Try it -> Copy, please, the line with "A.P.C. [アー・ペー・セー] RAYMOND" and each line that follows it through the end of the data below, exactly as given and without pictures.
START Given data
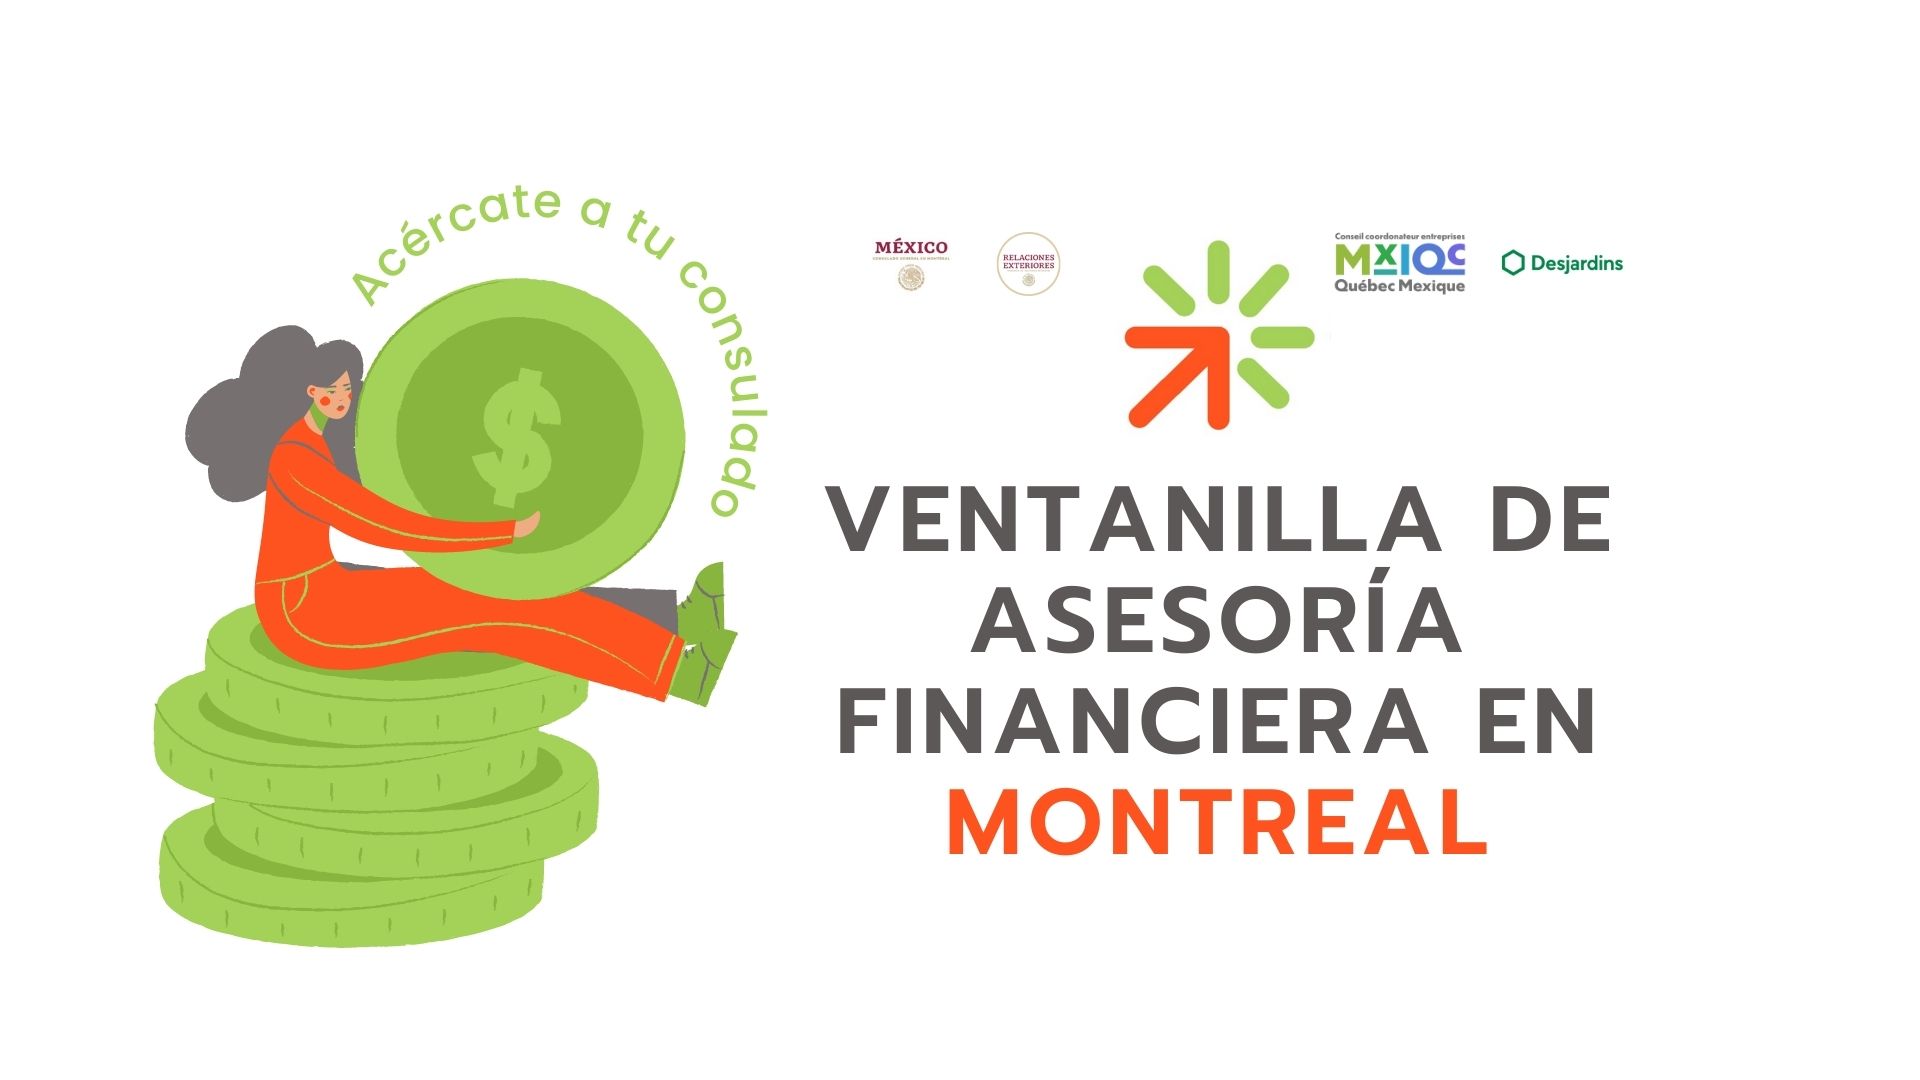 Ventanilla de Asesoría financiera en Montreal, en colaboración con el Consejo Coordinador Empresarial México-Quebec
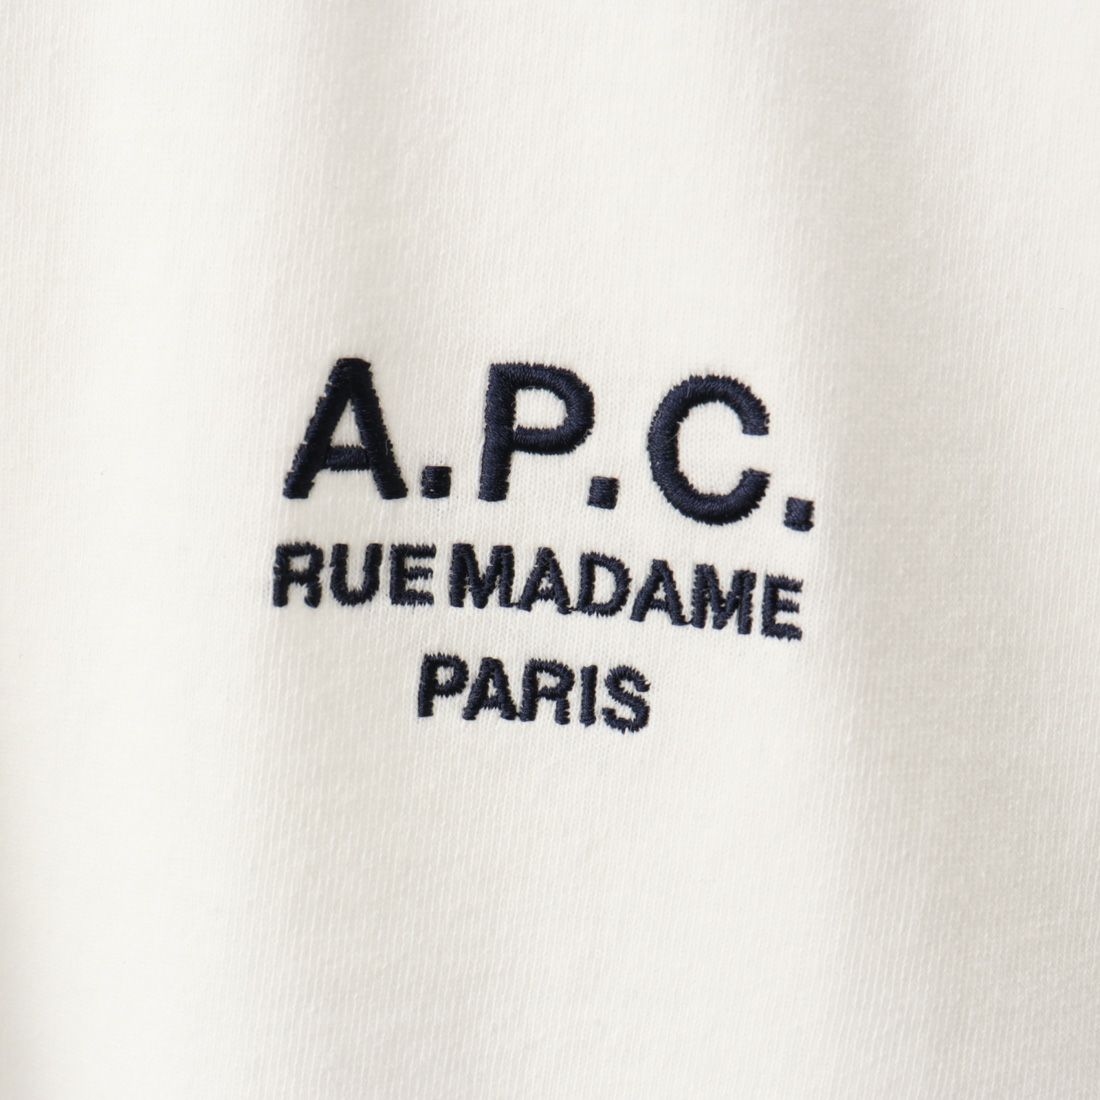 A.P.C. [アー・ペー・セー] RAYMOND Tシャツ [T-SHIRT-RAYMOND] 90 BLANC
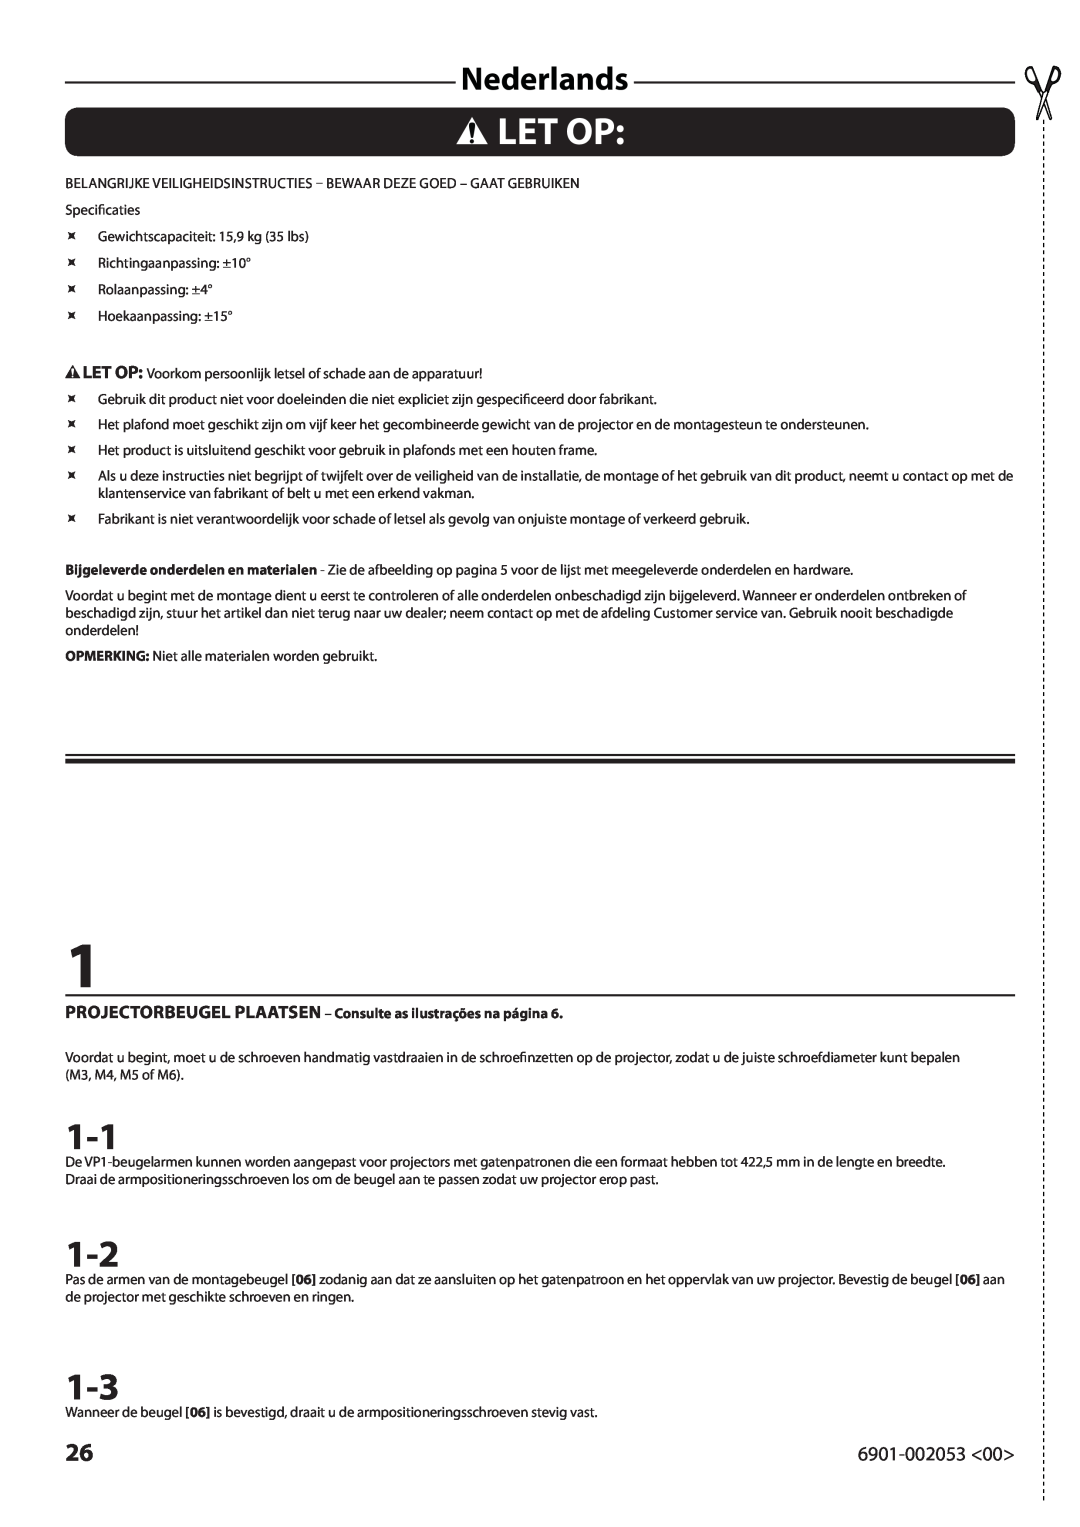 Sanus Systems VP1 manual Let Op, Nederlands, PROJECTORBEUGEL PLAATSEN - Consulte as ilustrações na página
END Given data
Answer space ->
 A.P.C. [アー・ペー・セー] RAYMOND Tシャツ [T-SHIRT-RAYMOND] 90 BLANC
 Sanus Systems VP1 manual Let Op, Nederlands, PROJECTORBEUGEL PLAATSEN - Consulte as ilustrações na página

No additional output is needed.